The third temptation drops all subtlety. Satan shows Jesus all the kingdoms of the world. The mission, minus the suffering. The victory apart from the cross. All it requires is one small act of worship. The shortcut. The therapeutic hack. The way to get to your actualized self without going through the suffering that the Father has appointed. In a culture that has made the elimination of discomfort into a spiritual discipline, this temptation is not ancient. It’s simply Tuesday.
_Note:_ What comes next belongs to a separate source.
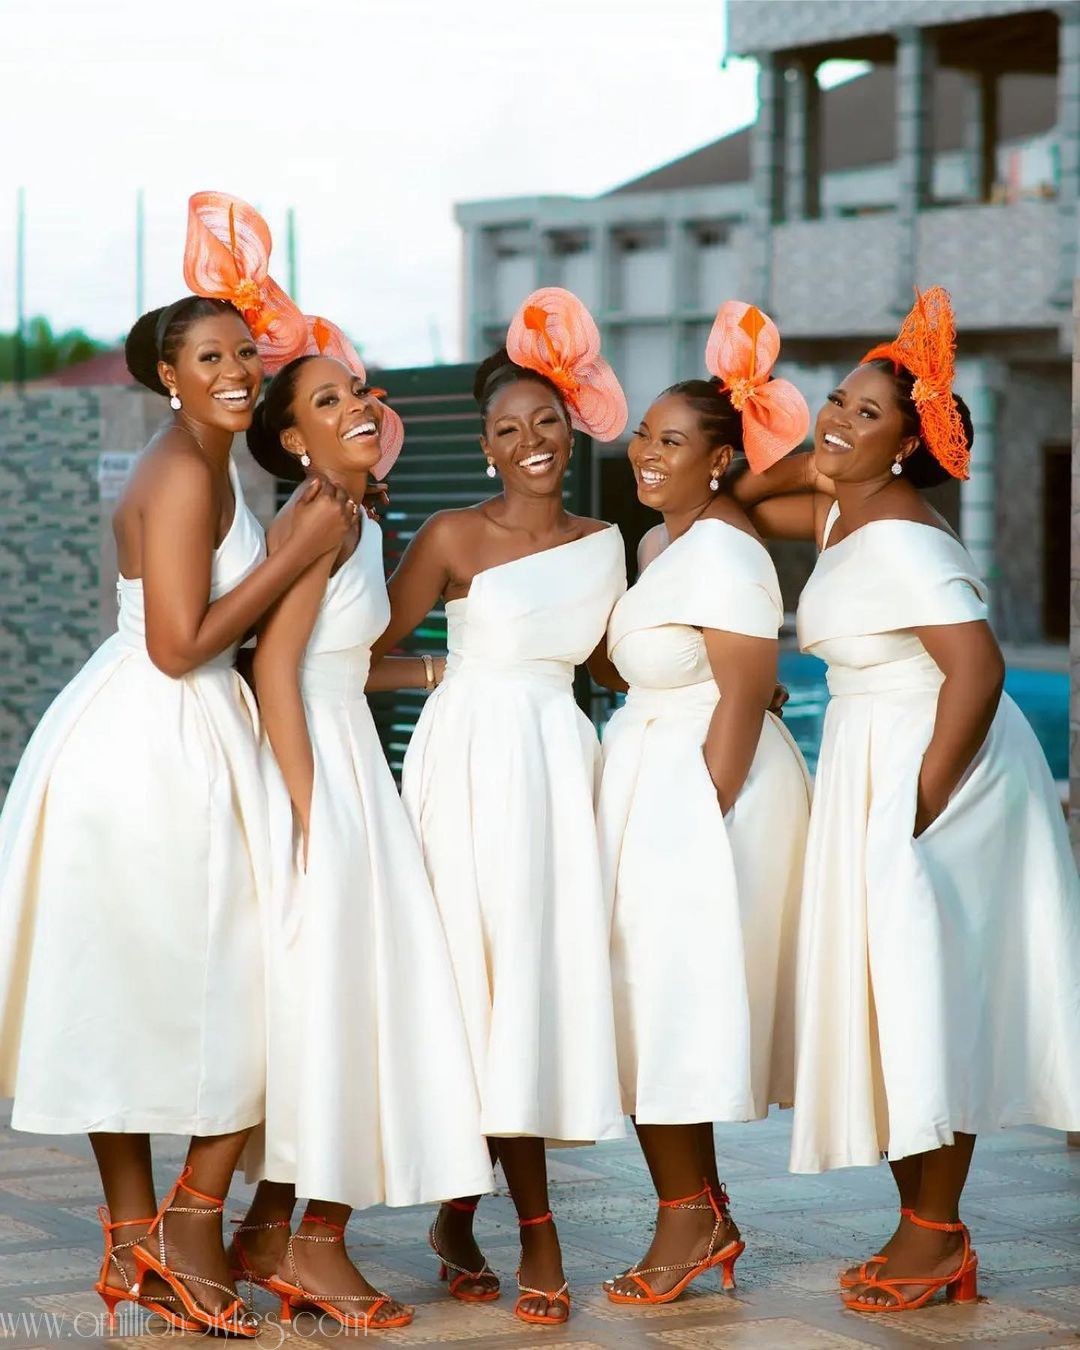 6 Trendy Bridesmaid Styles to Consider for Your Wedding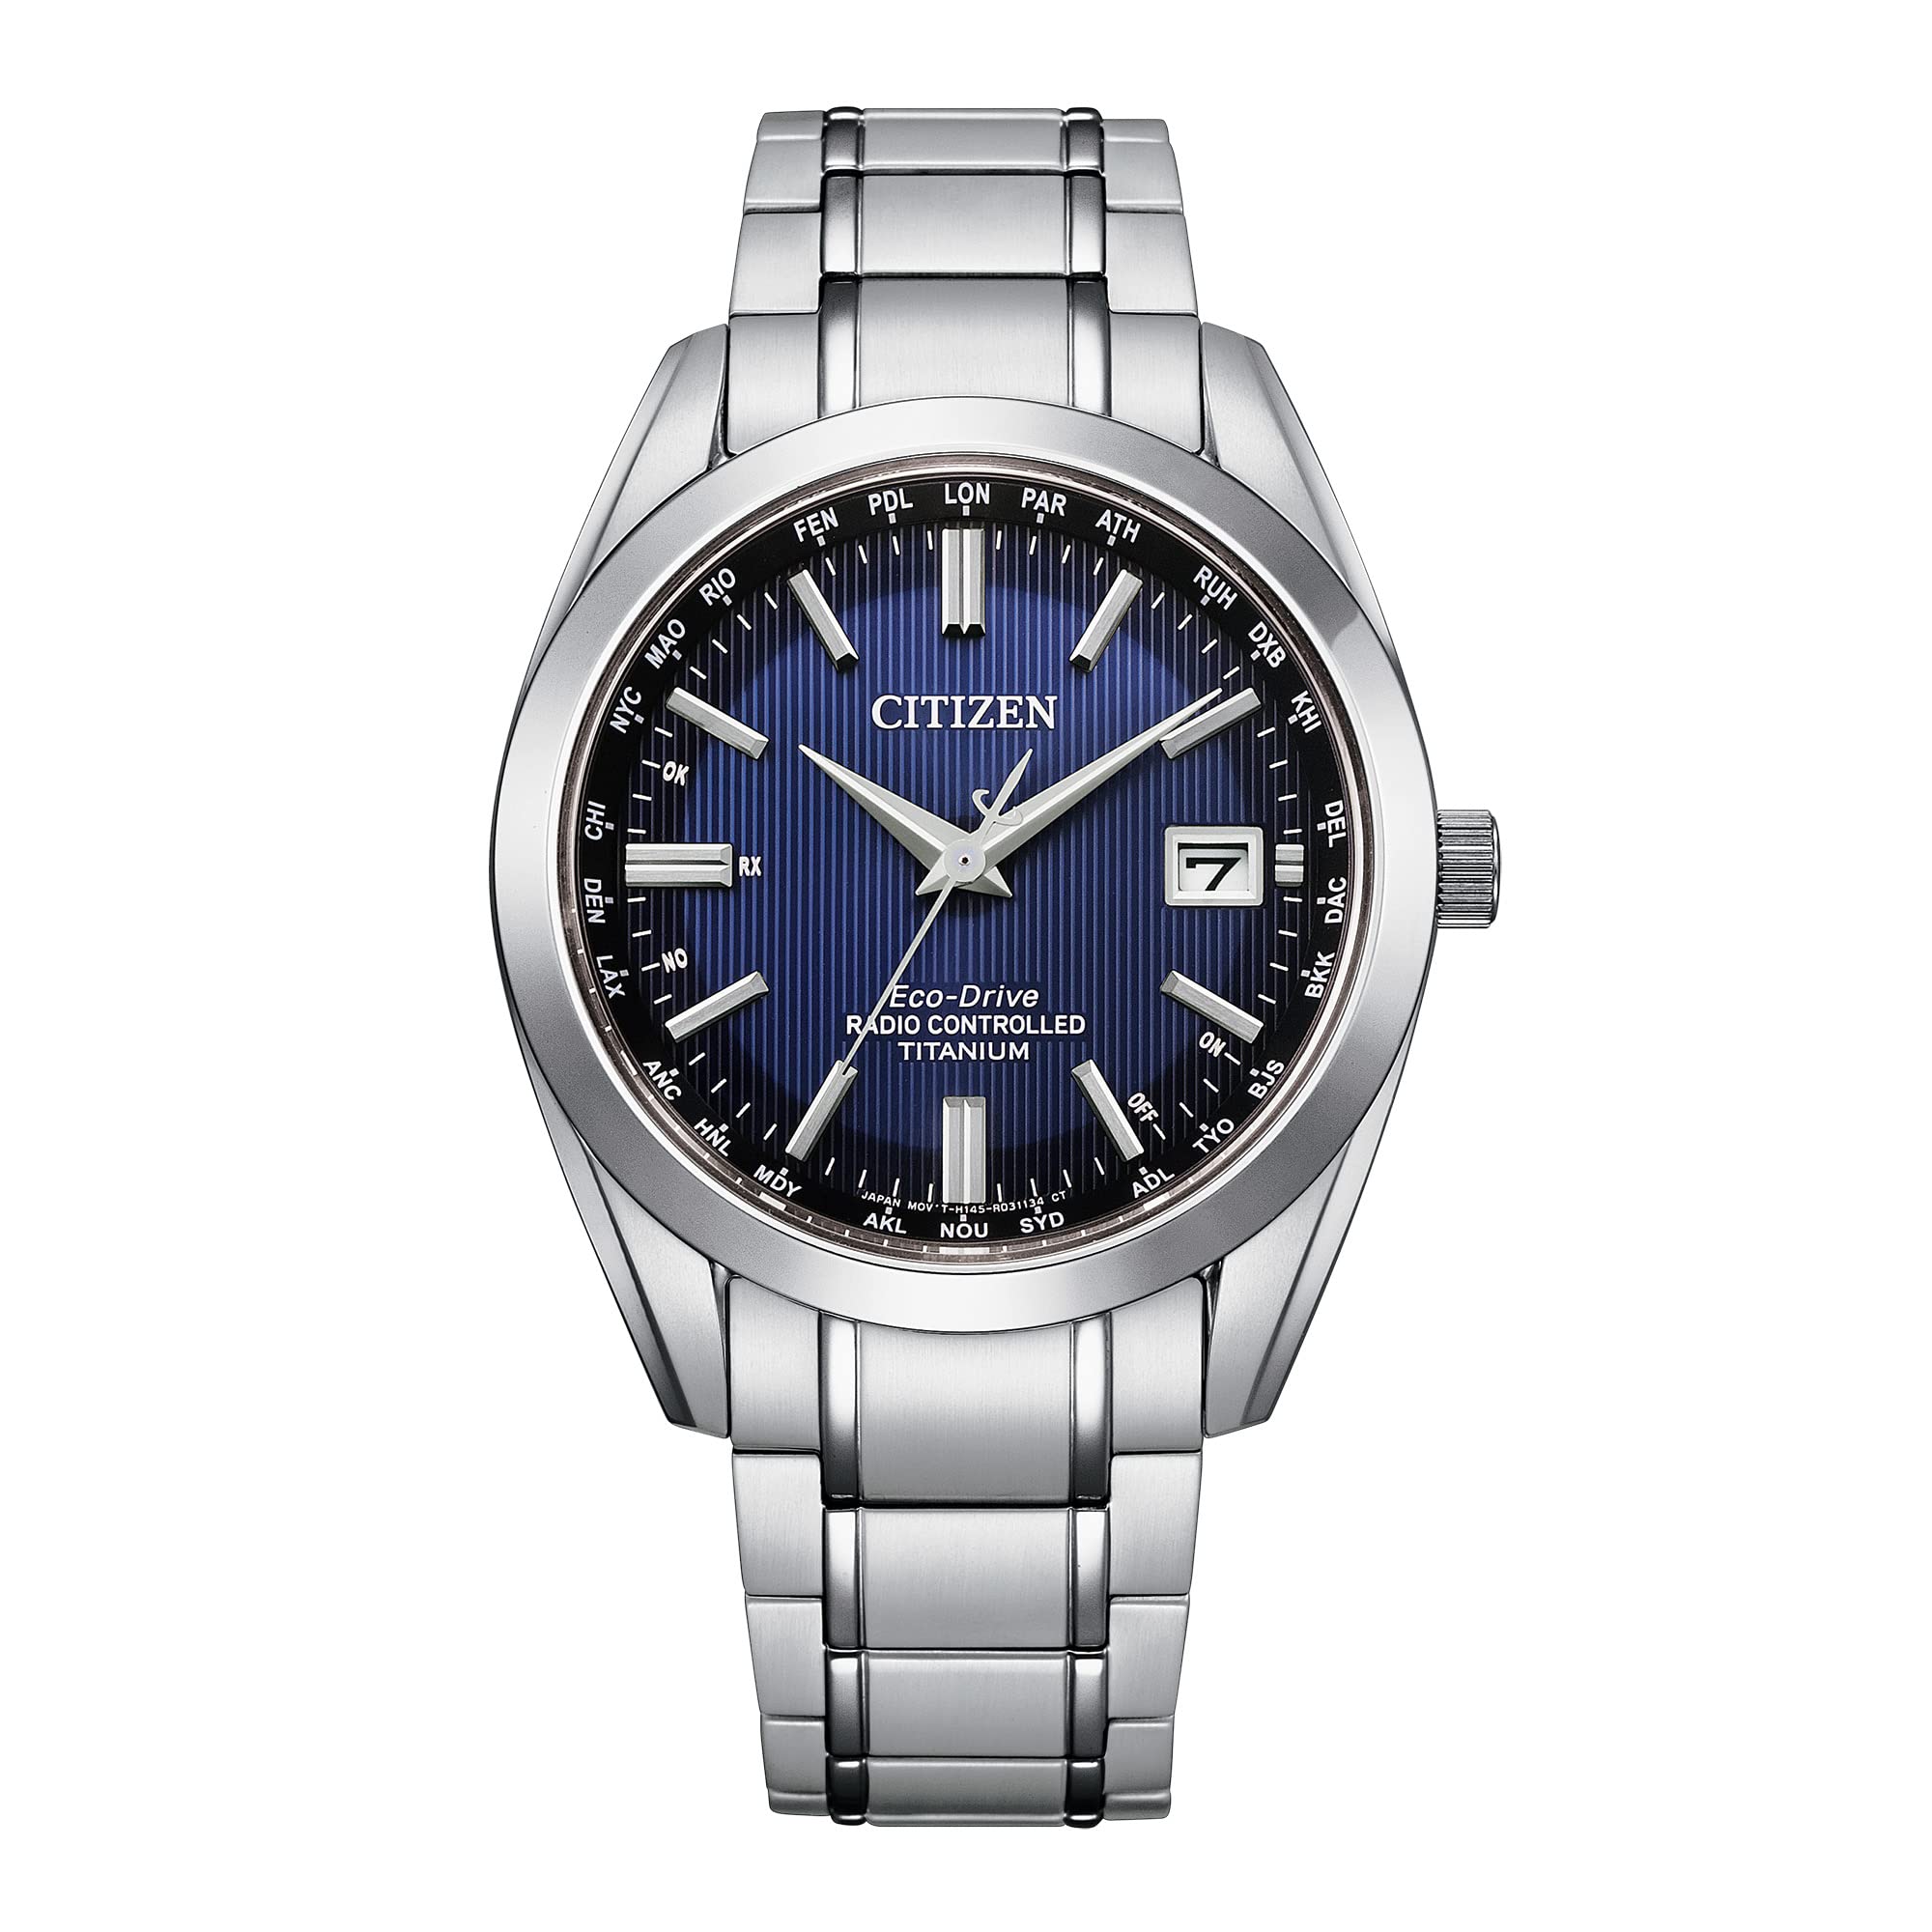 Citizen Men's Eco-Drive Classic Watch in Super Titanium with Atomic Timekeeping Technology, Blue Dial, 3-Hand Date and Sapphire Crystal (Model: CB0260-56L)

Jesus refuses the temptations with three passages from Deuteronomy, three refusals rooted not in willpower but in identity; an identity shaped by the Word of God so thoroughly that the self’s legitimate desires, however real and however pressing, do not get to be the final word.
This is not self-actualization. This is something infinitely more demanding and infinitely more liberating. This is what the tradition calls virtue, and it is precisely what Carl Rogers had no category for.
The serpent’s question still circulates: Did God really say? It now arrives through a culture with its own catechism: authenticity over formation, expression over self-gift, interior life as oracle rather than patient. We have all absorbed more of this than we know. We are all, to some extent, more Rogerian, more Pelagian than we realize.
Lent is not about suppressing the self; it is about moving it out of the driver’s seat. The authentic self is not liberated by promoting every desire but by introducing those desires to their Maker. Willpower alone cannot carry this — if sheer determination worked, most of us would already be saints by mid-February, the IHM’s would have been ok. The Lenten path is simpler and harder: receive the Word, let it sink in, live it out. Not a fence around freedom, but the framework that keeps it from collapsing.